Nonaddictive opioids

Advances in pharmaceutics and biotechnology have produced a whole new range of drugs that can treat diseases with highly engineered treatments. One recent breakthrough could light the path forward to developing a nonaddictive opioid that may help alleviate the toll of the current crisis by introducing a safer drug to the market. A team of researchers from the University of North Carolina at Chapel Hill published a paper in the journal Cell that discussed findings related to the kappa opioid receptor (KOP), which could hold the key to potentially making opioids and overdoses less deadly.

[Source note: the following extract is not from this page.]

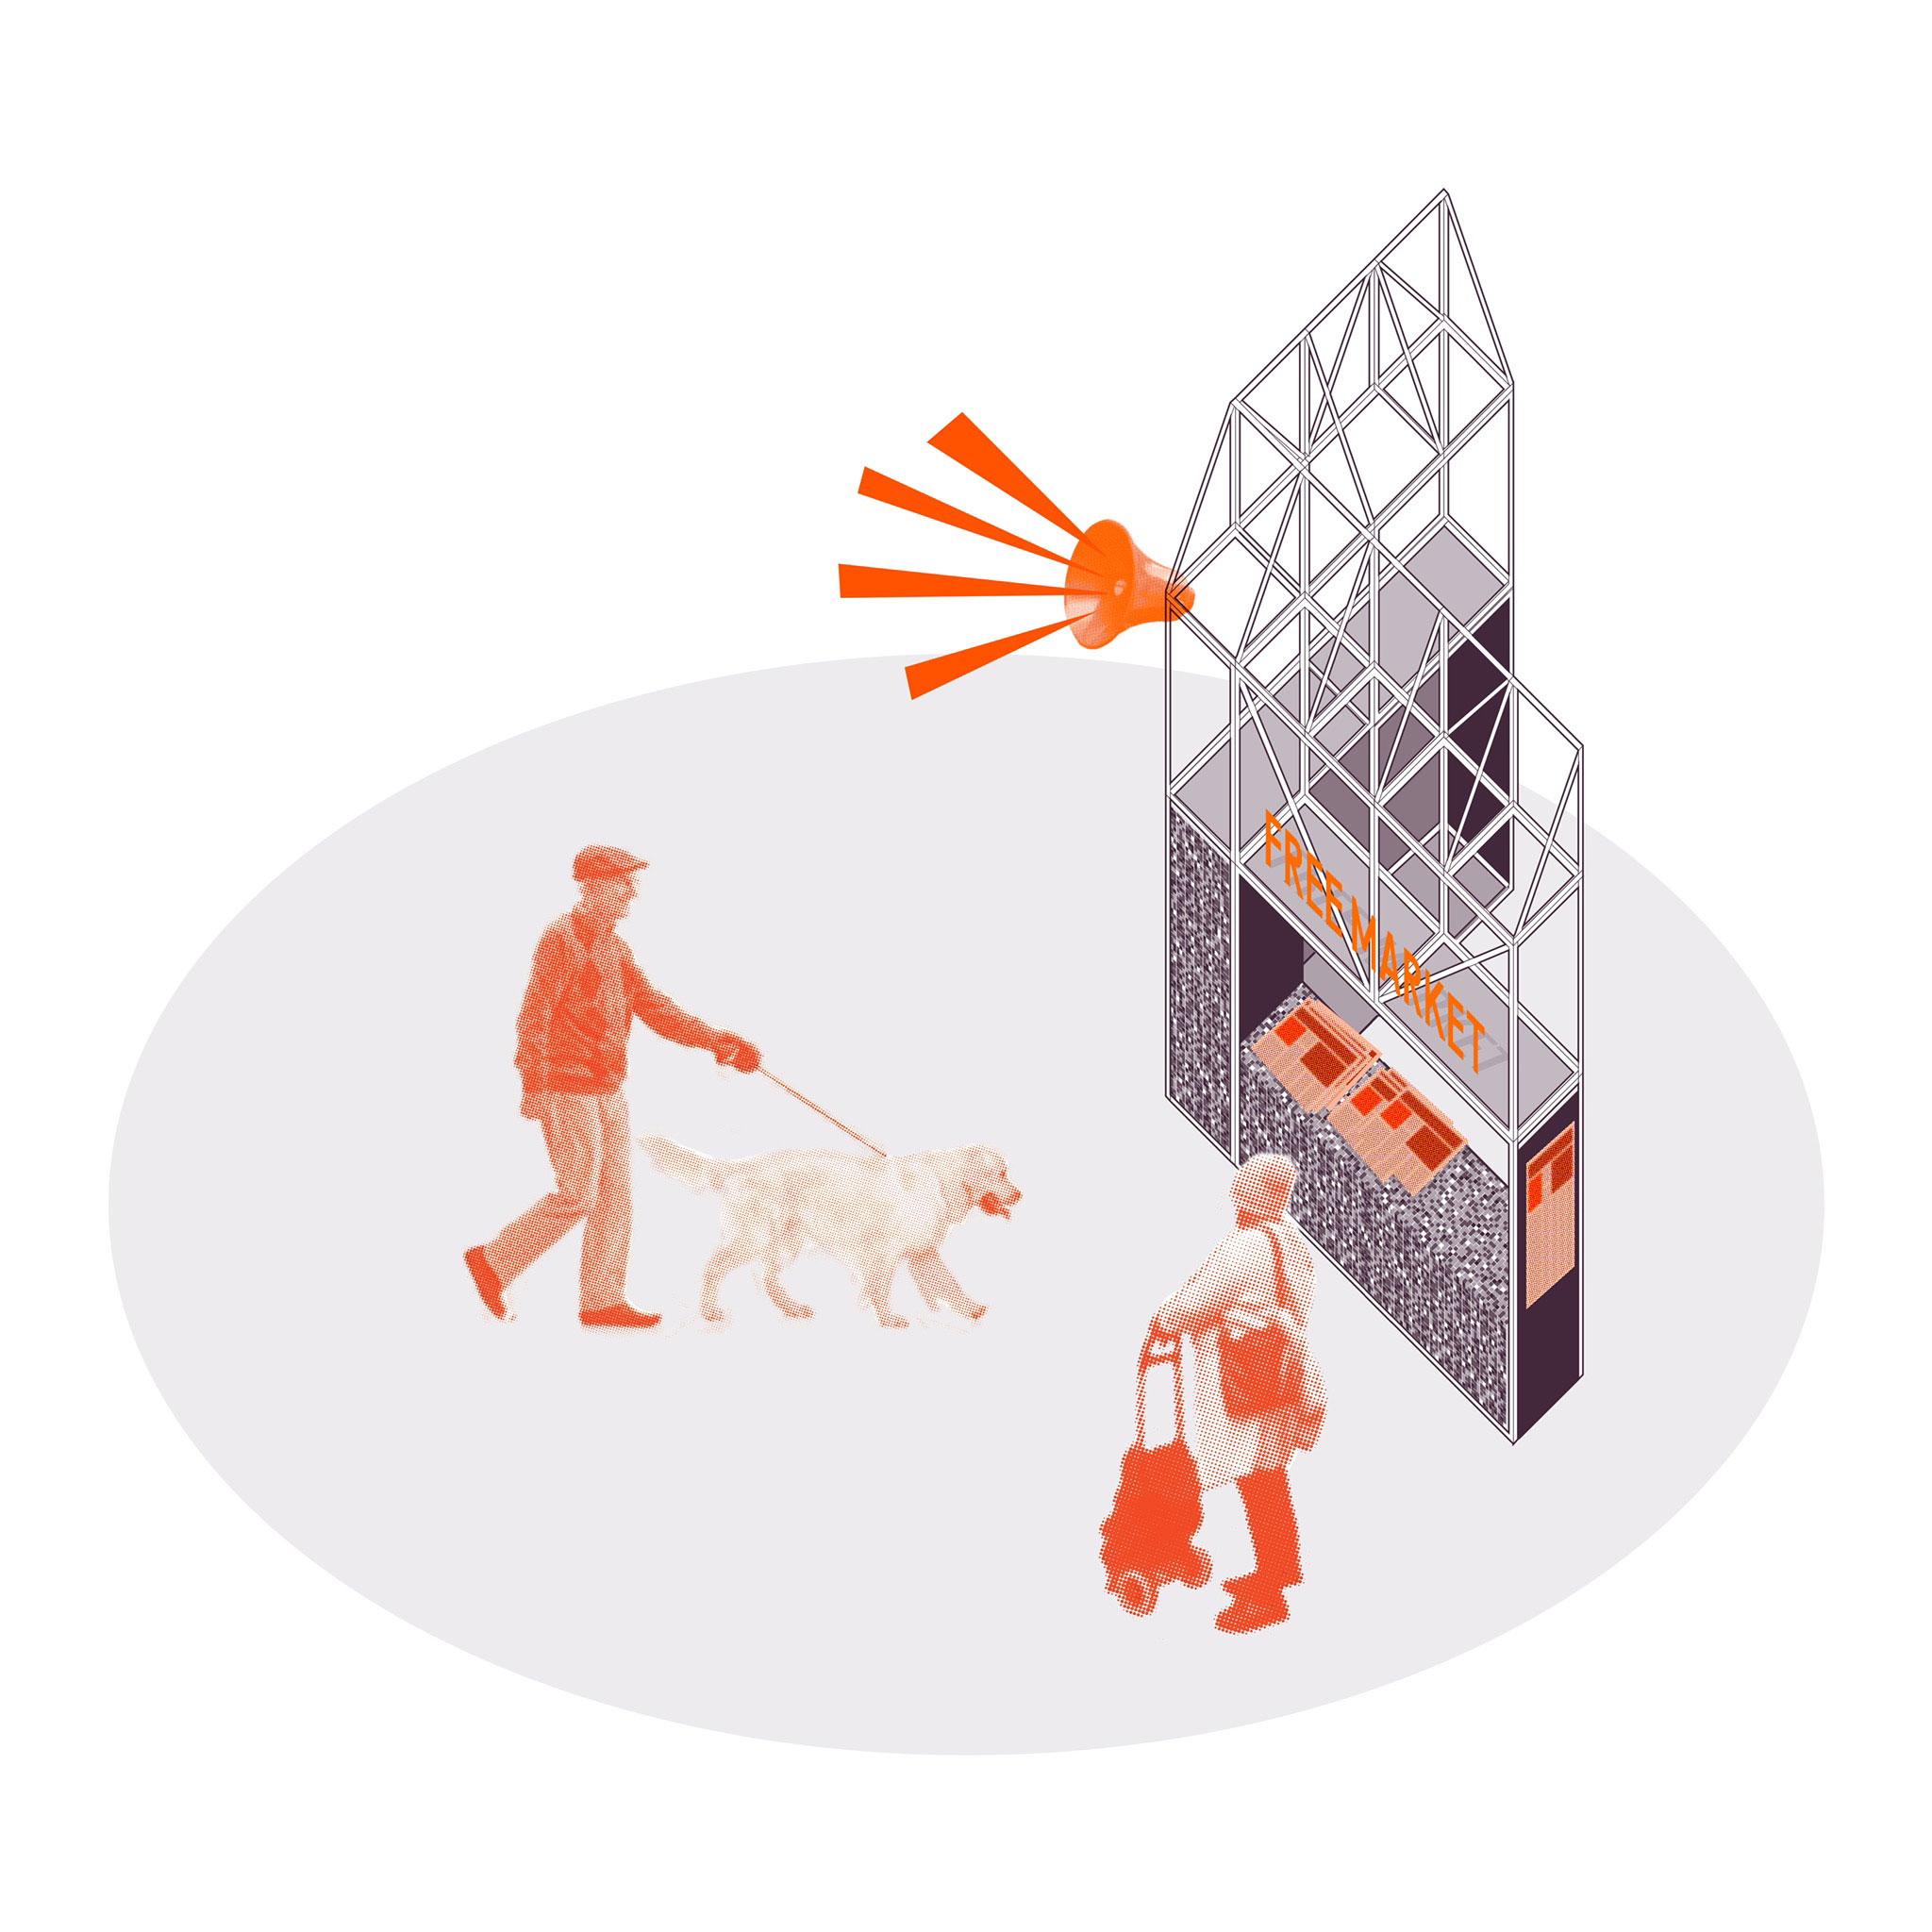 Free market diagram. Irish Pavilion's Free Market at the Biennale Architettura 2018. Image by Mark Wickham

Opioid receptors, as explained by WIRED magazine, are proteins that opioid drugs bond to in the body. When in an active state, receptors embed themselves in the walls of the cells found in the brain and peripheral nervous system, from where they can act as “gatekeepers” and unlock chemical painkilling properties — as well as addictive and deadly reactions. The KOP is just one of four opioid receptors (along with mu, delta and nociceptin), and as WIRED mentioned, it has been the basis for a growing amount of research theorizing how the receptor could trigger therapeutic pathways that lead to pain alleviation without the negative side effects.

Until the UNC-Chapel Hill research, however, the shape of the KOP wasn’t precisely defined. That was an obstacle to nonaddictive opioids because knowing the KOP shape was critical to constructing a drug that would bind to it and not the mu receptor, which activates those lethal pathways.

“The problem has been that we don’t have any drugs that are super selective for either pathway,” pharmacologist Bryan Roth, a physician researcher at the school told WIRED. But now that their study has presented a clearer picture of the KOP shape and function in a drug-activated state, there’s hope yet that even more breakthroughs will be made in formulating a less dangerous type of opioid that could be used as another alternative.